* _Task inputs_:

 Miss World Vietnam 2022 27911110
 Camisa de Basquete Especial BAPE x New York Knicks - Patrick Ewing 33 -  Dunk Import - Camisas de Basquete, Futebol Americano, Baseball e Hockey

==

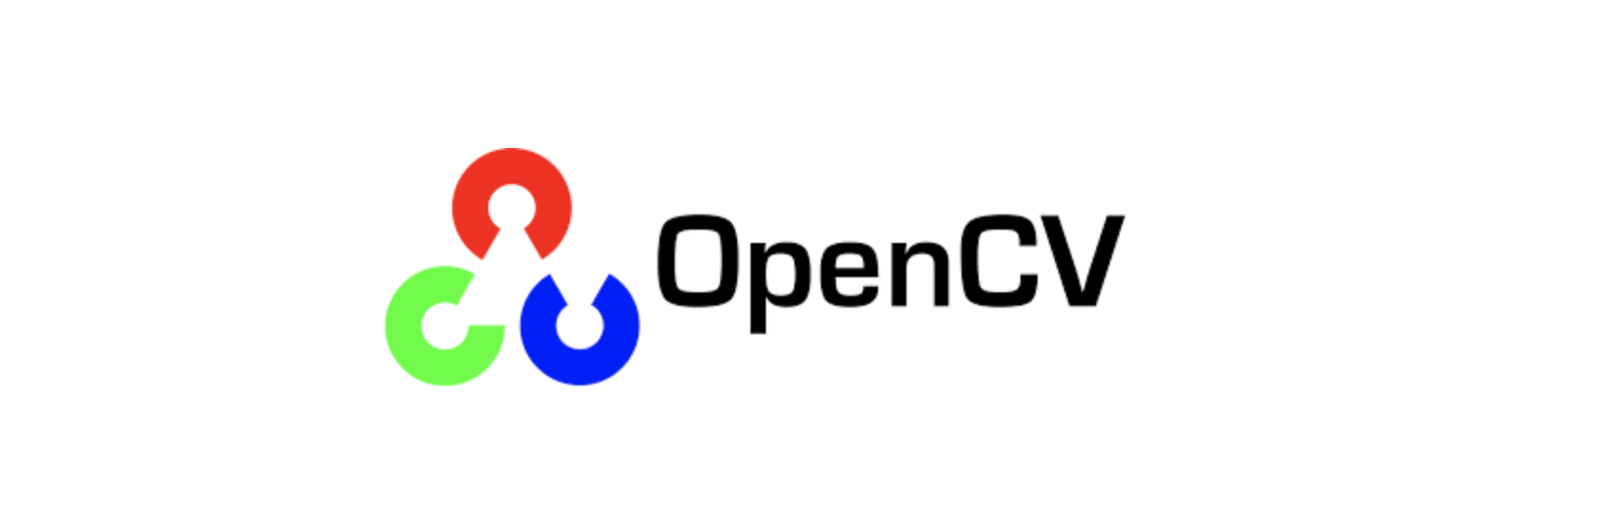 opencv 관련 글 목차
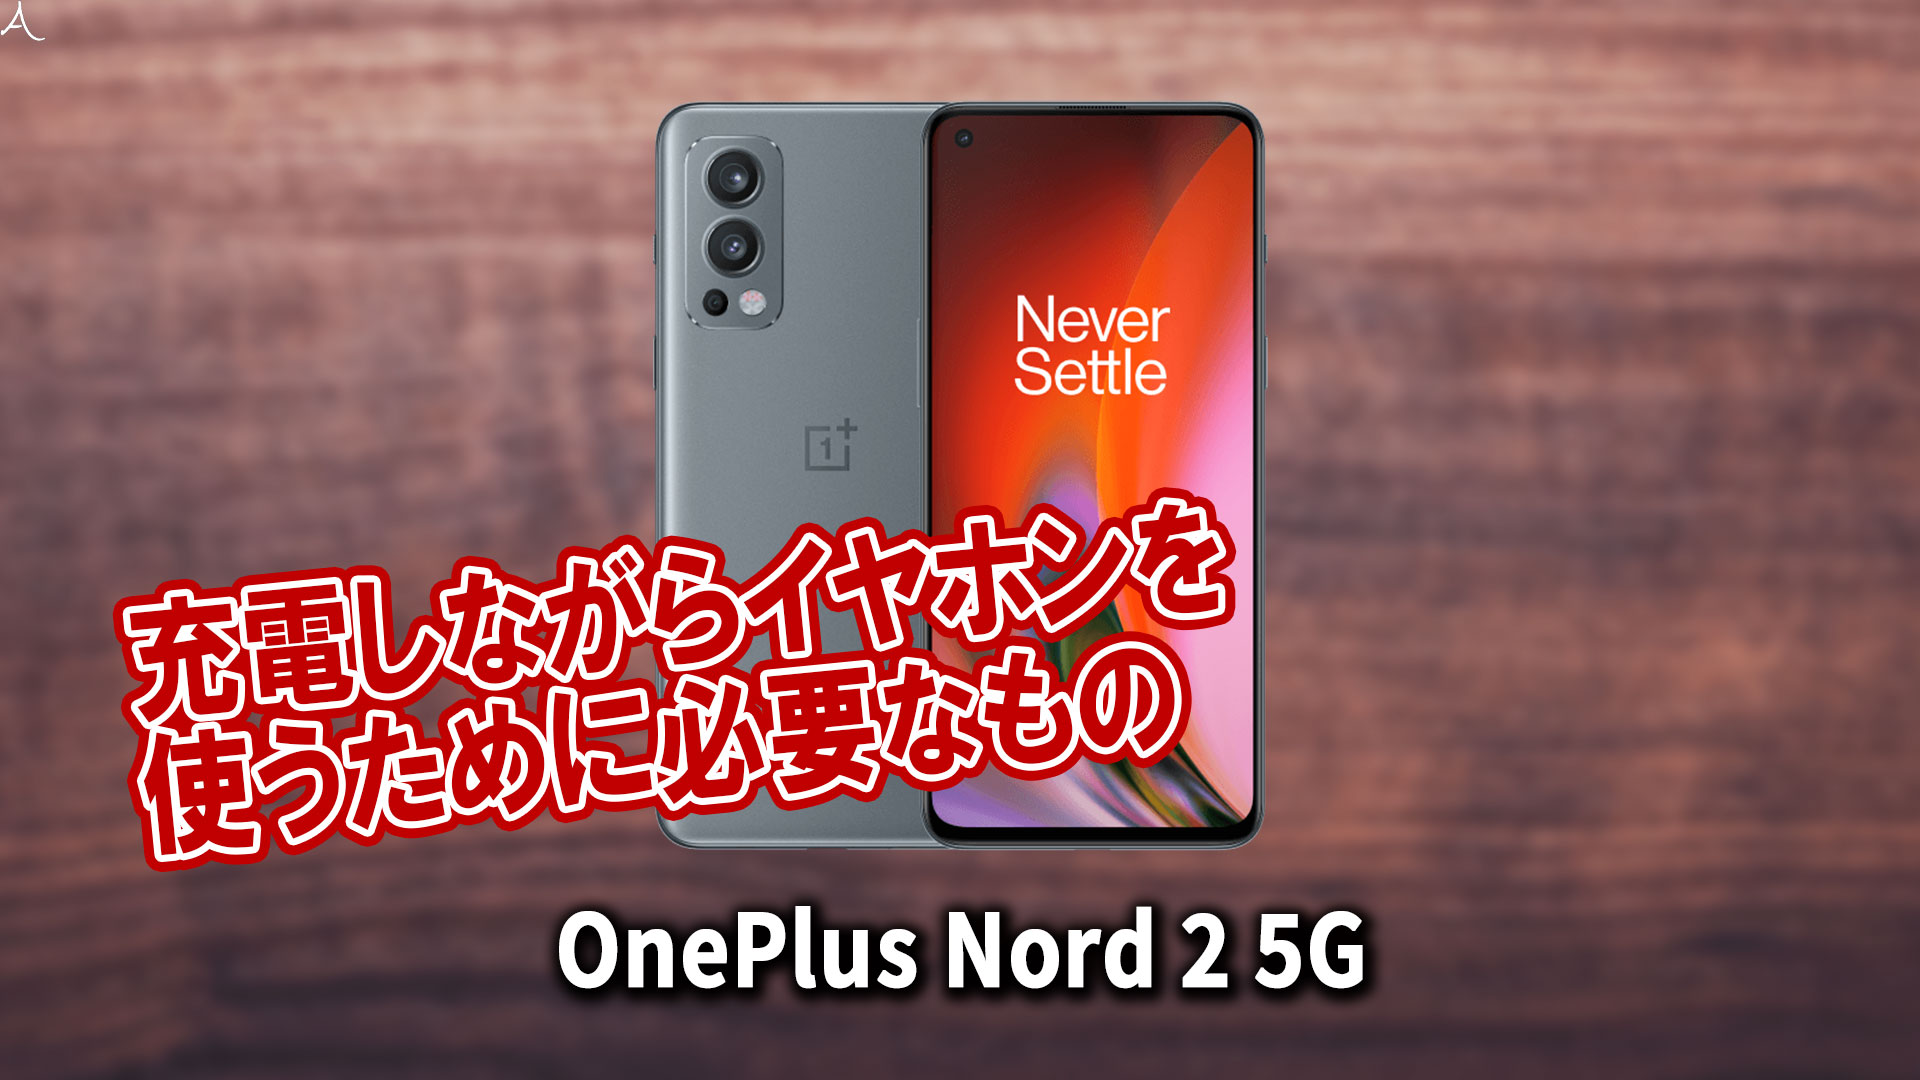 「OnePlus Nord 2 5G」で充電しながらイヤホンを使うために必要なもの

---

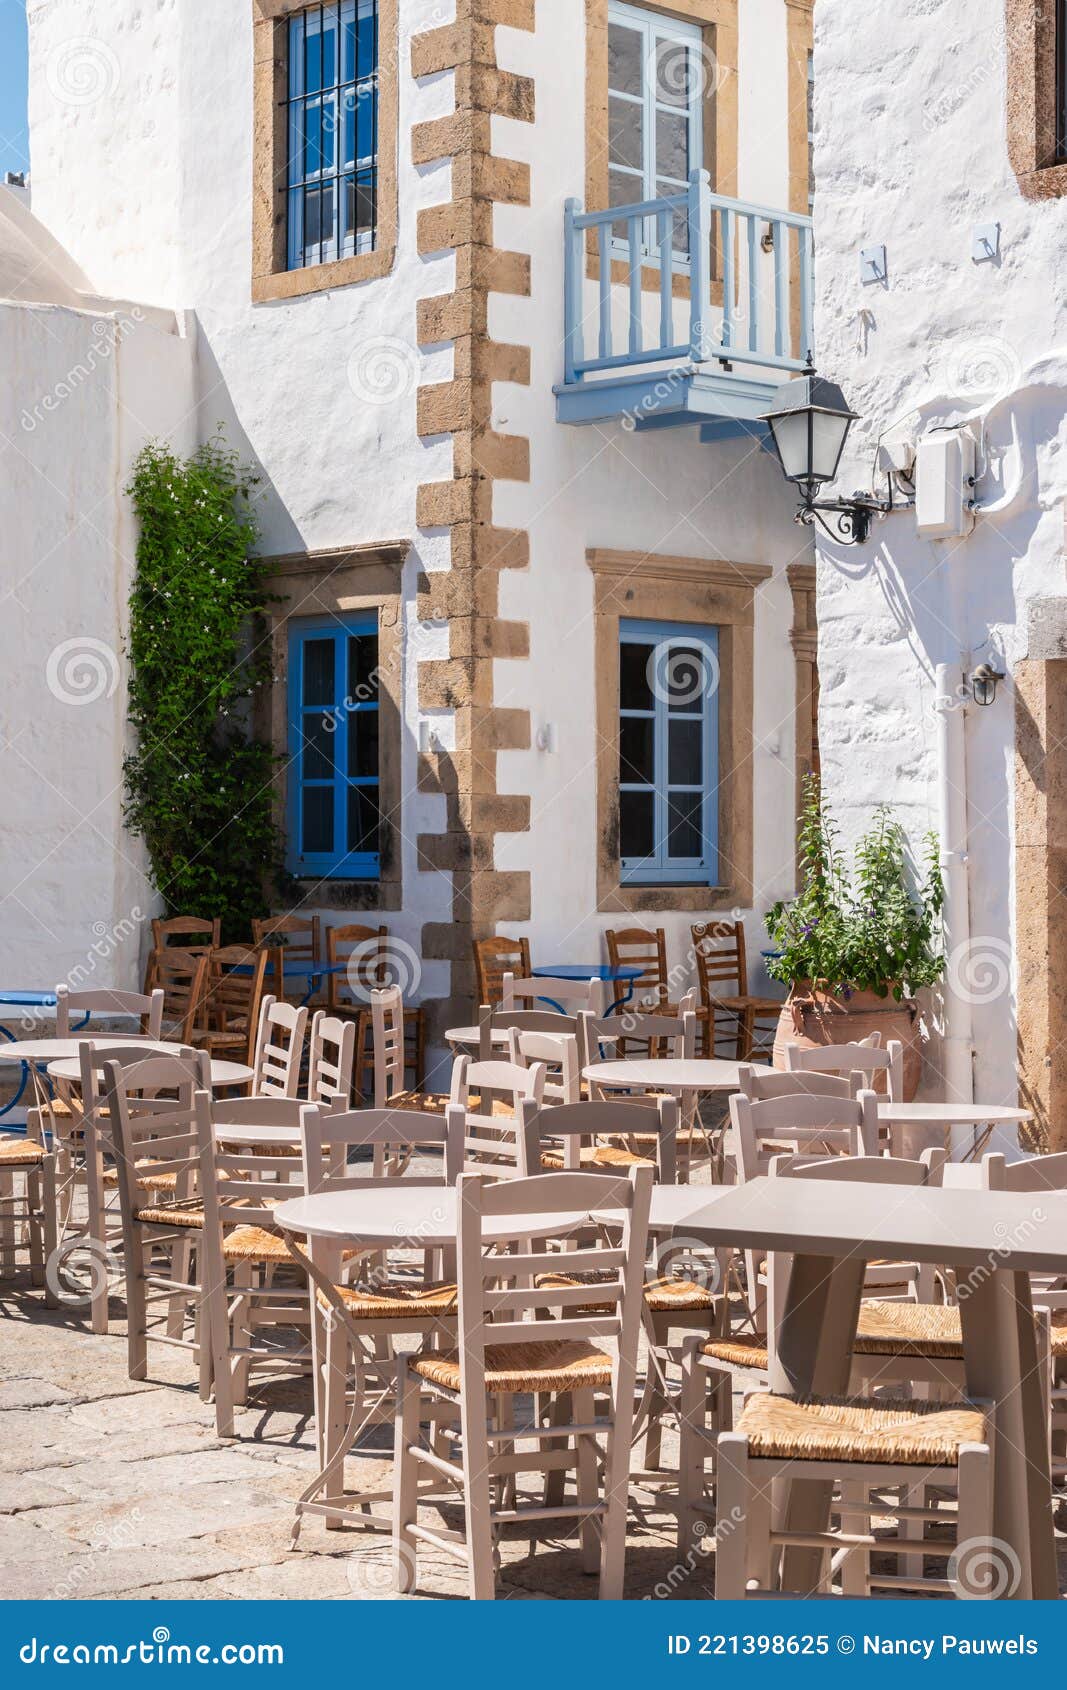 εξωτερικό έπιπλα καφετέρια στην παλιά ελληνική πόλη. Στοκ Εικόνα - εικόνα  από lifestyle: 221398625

* _About this exercise_: Look above and copy only the lines from the one holding "opencv 관련 글 목차" to the one holding "Nord 2 5G」で充電しながらイヤホンを使うために必要なもの", both included, exactly, minus the pictures.

* _Output for this task_:
 opencv 관련 글 목차
 「OnePlus Nord 2 5G」で充電しながらイヤホンを使うために必要なもの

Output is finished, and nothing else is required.